Chronic fatigue syndrome (CFS) is a biopsychosocial disorder, with physical and cognitive fatigue and increased fatigability as core symptoms. This study evaluates fatigability and stress reactivity in patients with CFS and healthy controls (HC).

Methods:

Patients with CFS (n=31) and HC (n=24) performed the Maastricht Acute Stress Test (MAST - stress), the Paced Auditory Serial Attention Task (PASAT - mental fatigue), and an arm-leg cycling task (physical fatigue). Before, during and after the three tasks, participants rated subjective stress, intensity of mental fatigue and intensity of physical fatigue, respectively. In addition, data of the Checklist Individual Strength (CIS-20), a questionnaire measuring various aspects of fatigue retrospectively over the past, was collected.

Results:

Patients experienced more stress (main effect of group, p=0.0008), higher mental fatigability (group*time interaction effect, p=0.0368), and higher physical fatigability (group*time interaction effect, p<0.0001) and had a higher score on the CIS-20 questionnaire (p<0.0001) compared to HC. Additionally, patients’ fatigue recovered more slowly up to 24 hours after performing the cycling task (p<0.0001) and the PASAT (p=0.0077) compared to HC. Finally, the link between stress reactivity and fatigability was evaluated using mixed model analyses with AUCg, representing increase in stress scores during the MAST, as independent variable. Participants with a higher stress response experienced higher mental (p=0.0183) and physical fatigue (p=0.0312) during and after the PASAT and cycling task, respectively, and higher clinical daily life fatigue scores on the CIS-20 questionnaire (p=0.0029).

Conclusion:

In accordance with core CFS symptomatology, patients with CFS experience more physical and mental fatigability and they recover more slowly from physical and mental efforts than HC. Additionally, patients with CFS experience higher stress levels compared to controls during a validated stress task. Our results show that subjects who experience more stress, are also prone to experience more core CFS symptoms.

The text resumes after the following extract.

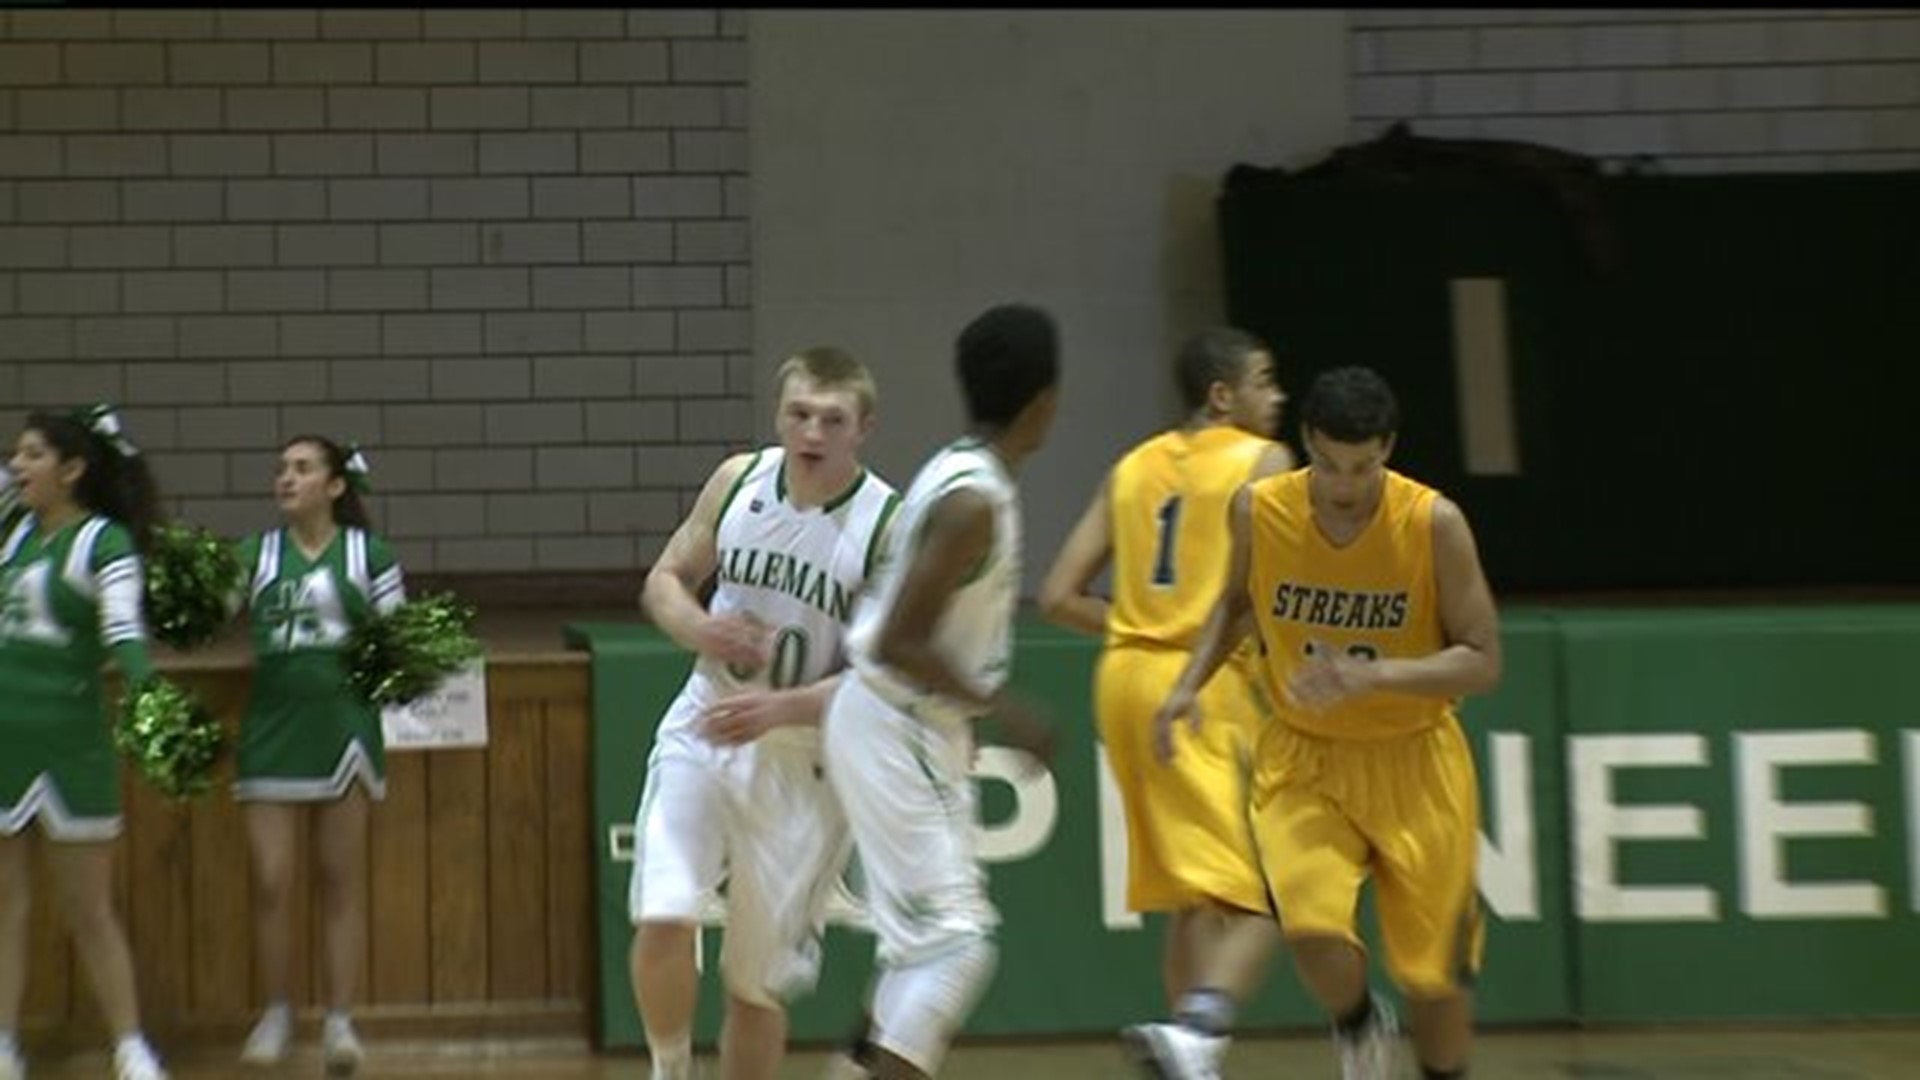 Galesburg wins by 25 over Alleman

Document URI: http://hdl.handle.net/1942/43513
DOI: 10.1016/j.jpsychores.2024.111707
ISI #: 001276847900011
Category: C2
Type: Conference Material
Appears in Collections: Research publications

 
Last edited:
Again some of this would actually make sense if they simply replaced stress with exertion, which in 95-99% of all circumstances is what it actually means. Otherwise it just doesn't, it gets the dynamic backward and nothing else makes sense from that point on.